Here, we describe the formulation, lyophilization optimization and stability, lymph node targeting, and functional immune response of outbred CD1 mice to a matrix of Nano-UF6b and Nano-CpG (1018-ISS) vaccine co-formulations in comparison to the benchmark formulation of UF6b with AddaVax™, a squalene-based oil-in-water nano emulsion adjuvant, and summarize our insights into how formulations of this novel, disease-agnostic nanovaccine platform can immuno-potentiate existing as well as next generation malaria TBV targets in the future.

Materials and Methods

Materials

All organic solvents and hydrophobic IR-780 iodide (dye content ≥95%) were purchased from Sigma-Aldrich (St. Louis, MO, USA). PLGA20K-b-PEG3K-Maleimide (PLGA-b-PEG-Mal) and PLGA20K-b-mPEG3K (PLGA-b-mPEG) polymers were both purchased from PolySciTech® (West Lafayette, IN, USA). Spectra/Por™ 3 RC 3.5 kDa MWCO dialysis tubing was purchased from Repligen™ (Waltham, MA, USA). 100 kDa MWCO Amicon centrifugal filters were purchased from Millipore Sigma (Burlington, MA, USA). CpG-1018 ODN ISS (Sequence: 5’-thiol S-S C6-TGACTGTGAACGTTCGAGATGA-3’) with a phosphorothioate (PS) backbone was synthesized by TriLink Biotechnologies (San Diego, CA USA). UF6b peptide construct (Sequence: MCDLHLRTEIHRNERTFTGTVGIQLQVVQATDKLVMHNRGLVMSSAKVSSLPNGVTGAPTLIGDVQYSTDTTFEHITFTSPTILQPGTYLLEVAF
QGRLATNDDGFYVSSYVADNGERRYLAGSGGGGSGGGGSGDLHLRTEIHRNERTFTGTVGIQLQVVQATDKLVMHNRGLVMSSAKVSSLPNG
VTGAPTLIGDVQYSTDTTFEHITFTSPTILQPGTYLLEVAFQGRLATNDDGFYVSSYVADNGERRYLACGGSG) was synthesized by CellFree Sciences Co (Tsurumi-ku, Yokohama JPN).

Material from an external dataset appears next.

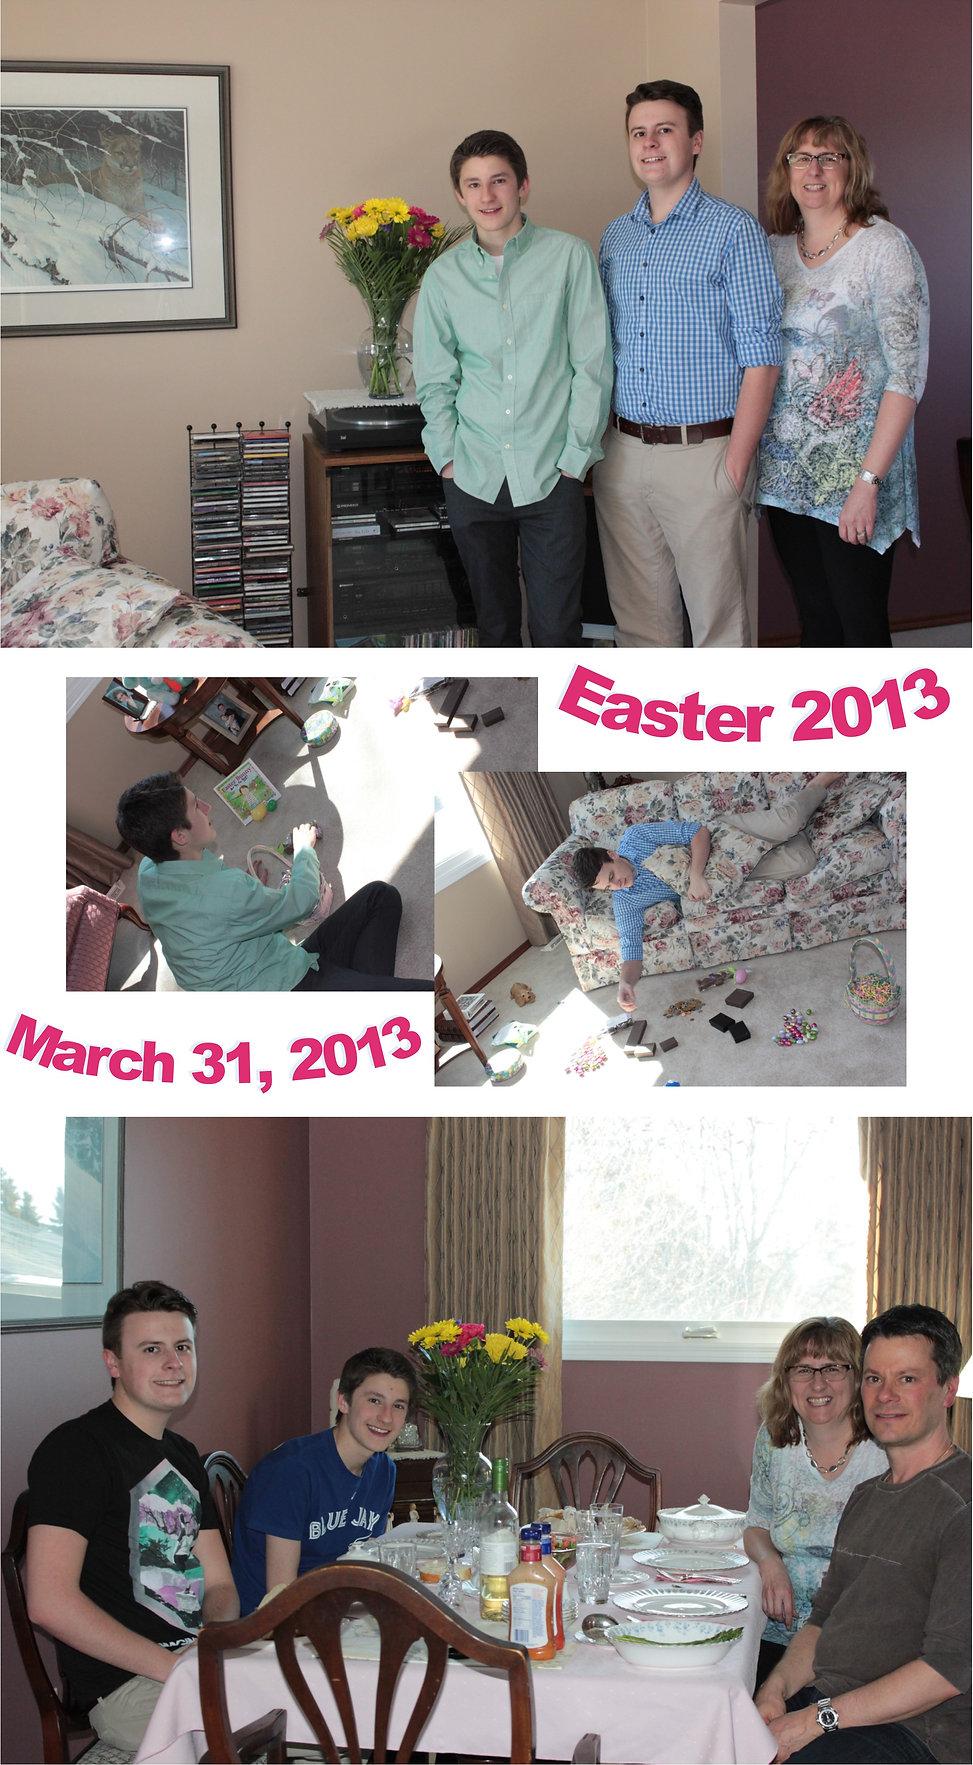 Easter 2013 collage.jpg
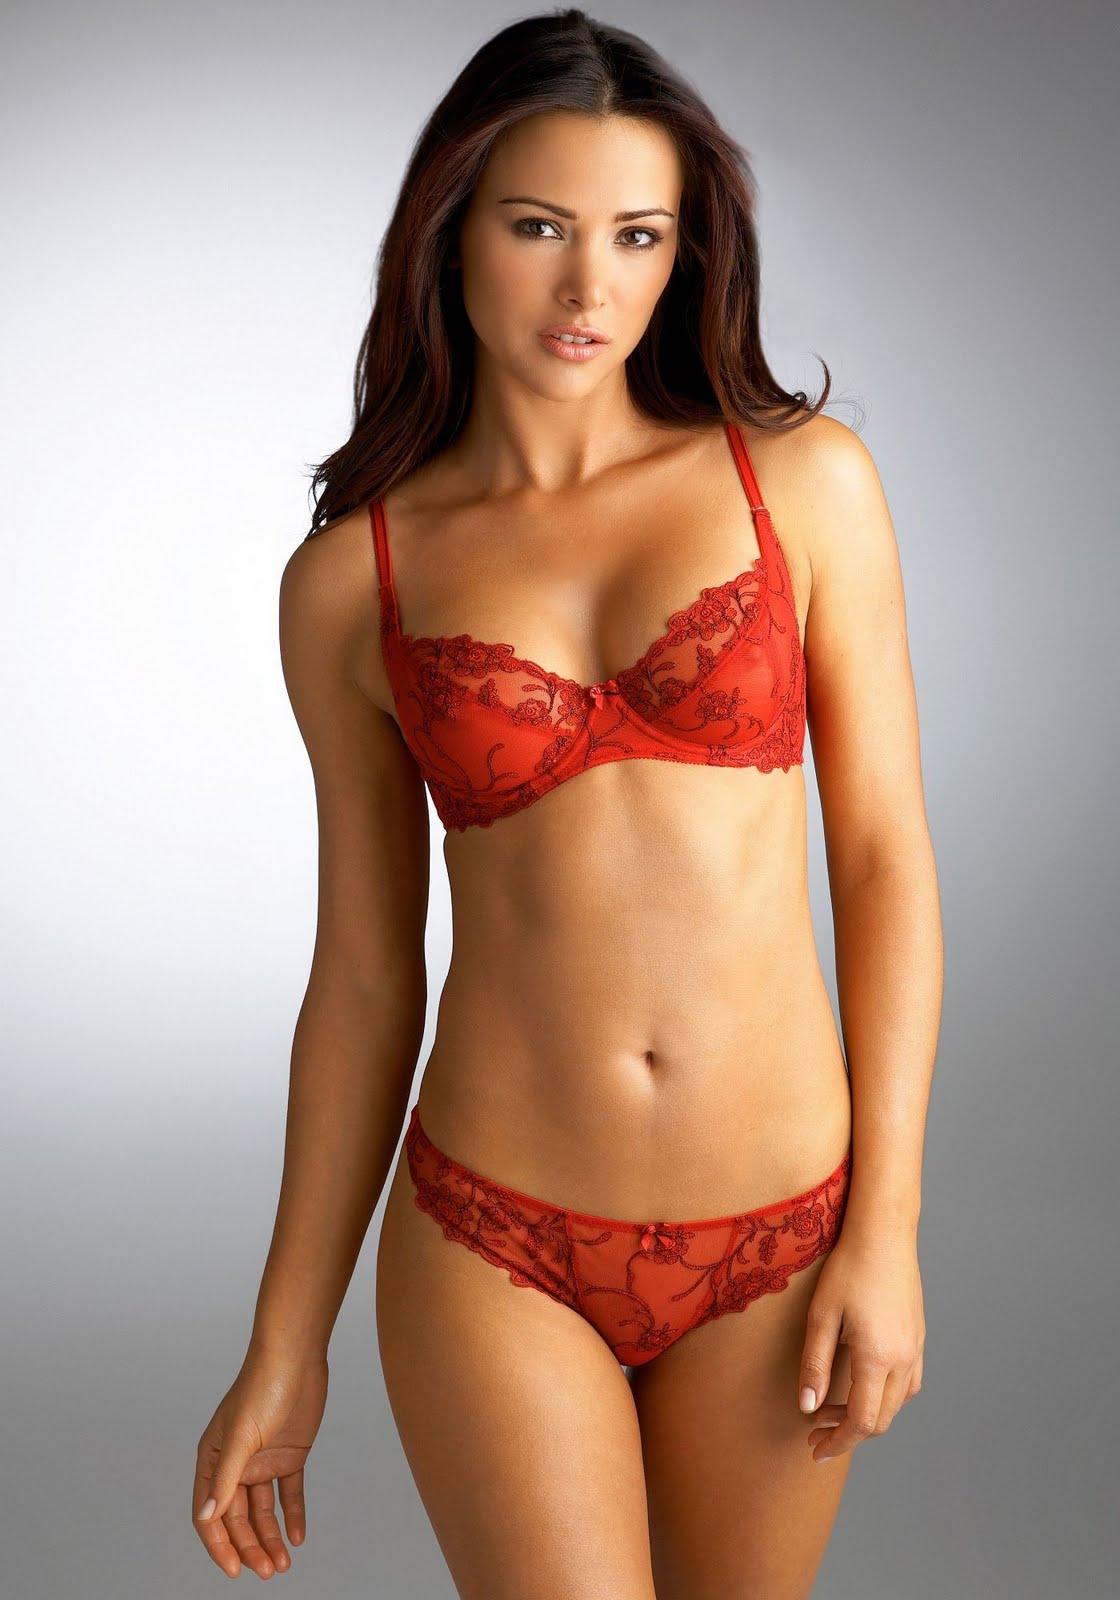 Bikini Hope Alina naked (28 pics), Twitter

PLGA-b-PEG Nanoparticle Fabrication

NPs were generated using a three-inlet, confined impinging jet FNP device. Two inlets contained distilled, deionized (DDI) water. The third inlet contained 1 mL of 10 mg/mL PLGA20K-b-mPEG3K with 78.5 mol % PLGA20K-b-mPEG3K and 21.5 mol % PLGA20K-b-PEG3K-Mal dissolved in tetrahydrofuran (THF). NPs of defined size were generated by modulating volumetric flow rates of the three input inlets using a NE-4000 Programmable 2 Channel Syringe Pump (New Era Systems, Inc., Farmingdale, NY, USA). For 30 nm NPs, a flow rate of 22 mL/min was used for all three inlets. The NPs generated through the device were collected in a water bath such that the total organic solvent was less than 10% v/v. The collected NPs were dialyzed against 4 L of DDI water in a 3.5-kDa MWCO dialysis membrane at 4°C with dialysate changes every 6 h for 18–24 h.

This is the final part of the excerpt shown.